Rights For All International, an NGO that prides itself as a defender of human rights, had filed its ex parte application on August 16, urging the court to restrain the members of NARD from continuing their strike and order them to return to work.

Being an ex parte motion meant to be deployed in only cases considered urgent, the NGO’s application was heard in the absence of the NARD and other defendants on Thursday.

Targema heard just the applicant’s lawyer, Nnamdi Okere, who painted a picture of “an extreme health emergency” requiring the doctors to be urgently ordered back to work.

The lawyer cited “the recent outbreak of cholera and the ravaging COVID-19 pandemic which has resulted in the death of over 3000 Nigerians.”

Okere in his application wrote;

The strike action amounts to an act calculated to obstruct the smooth running of essential service and therefore callous, ill-conceived, wicked, illegal, unconstitubonal, null and void.

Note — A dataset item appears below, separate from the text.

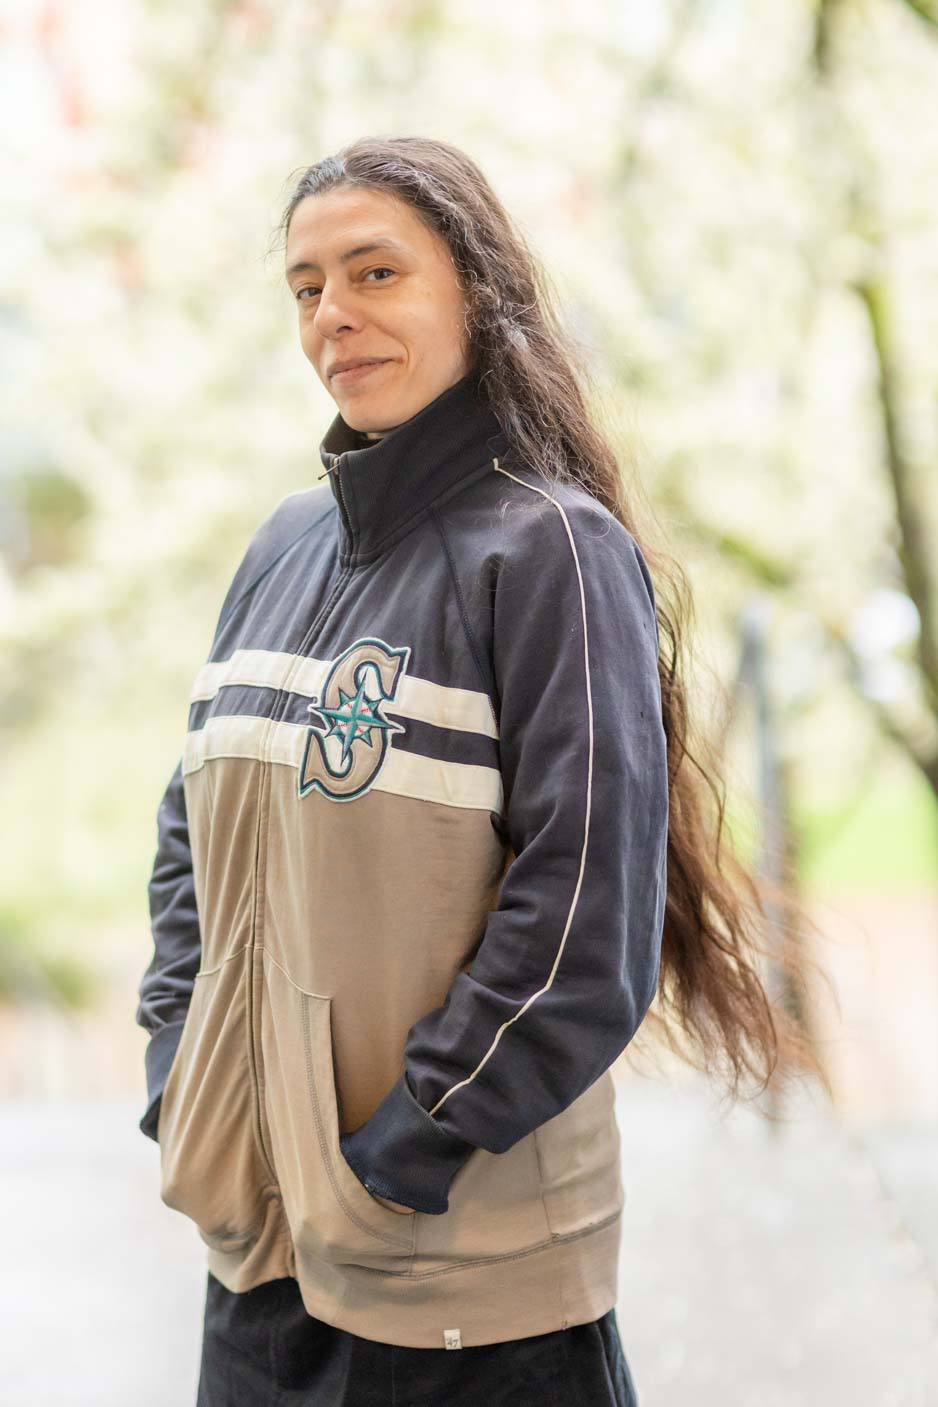 Saunatina Sanchez, candidate for Seattle City Council Position 8 is wearing a Seattle Mariners jacket with her hands in her pockets.  She has long dark hair and dark eyes and is looking directly at the camera.  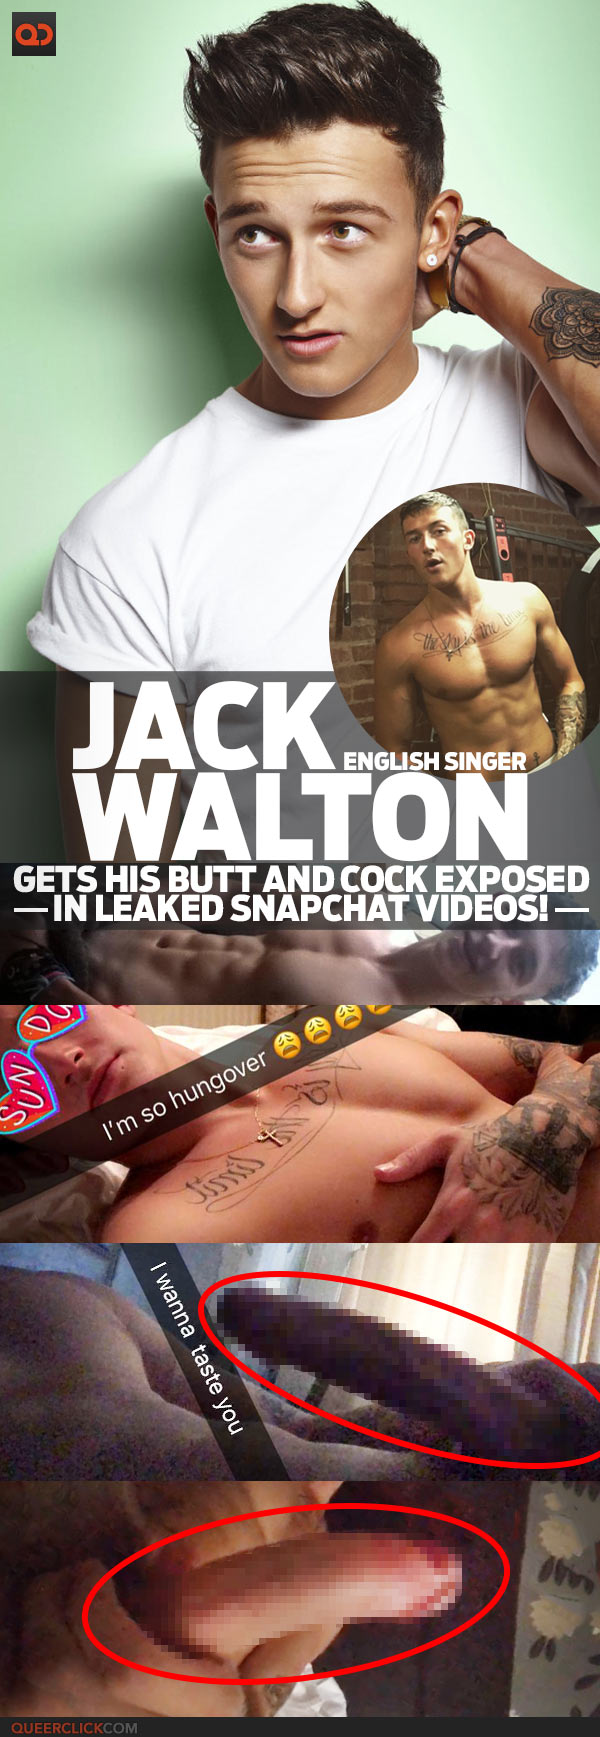 Jack Walton, English Singer, Gets His Butt And Cock Exposed In Leaked Snapchat Videos!

He accused the resident doctors, “classified as essential services workers,” of failing to explore available legal remedies before downing tools on August 2.

According to him, the strike “has now paralysed the entre health sector across Nigeria”, amounting to “a denial” of Nigerians an access to healthcare, and “detrimental” to their right under section 33 of the Nigerian constitution.

The court’s order is needed to halt the strike “to prevent further loss of lives of innocent citizens,” he said.

If the resident doctors were not ordered to resume duties, Okere said innocent Nigerians “will continue to suffer most irreparable losses.”

However, ruling after taking a short break to take a decision, the judge said he would not grant the application, but rather invite the doctors’ umbrella body, NARD, and other parties sued as defendants in the suit to come forward to state their side of the case.

Targema said granting the NGO’s application without hearing the defendants would amount to a breach of their constitutional right to fair hearing.

The affected parties ought to be put on notice,” he said, adding that issuing a restraining order in their absence as requested by the applicant would be “in breach of section 31 of the 1999 Constitution.”

The judge therefore ordered that the application and the substantive suit along with other documents filed by the applicant be served on the respondents.

He directed that a proof of service on all the parties must be placed in the court’s file.

Targema, who heard the application as a vacation judge, said the next judge taking turns to sit, would fix a date for hearing.

The defendants sued by the applicants include relevant government ministries and ministers who would not be opposed to its suit challenging the legality of the suit.

Those sued as the main targets of the suit are National Association of Residence Doctors (NARD), its chairman, Uyilawa Okhuaihesuya, and Nigerian Medical and Dental Association (NMDA).

The rest of the defendants are the Minister of Health, the Federal Ministry of Health, the Minister of Labour and Productivity, and the Attorney General of the Federation.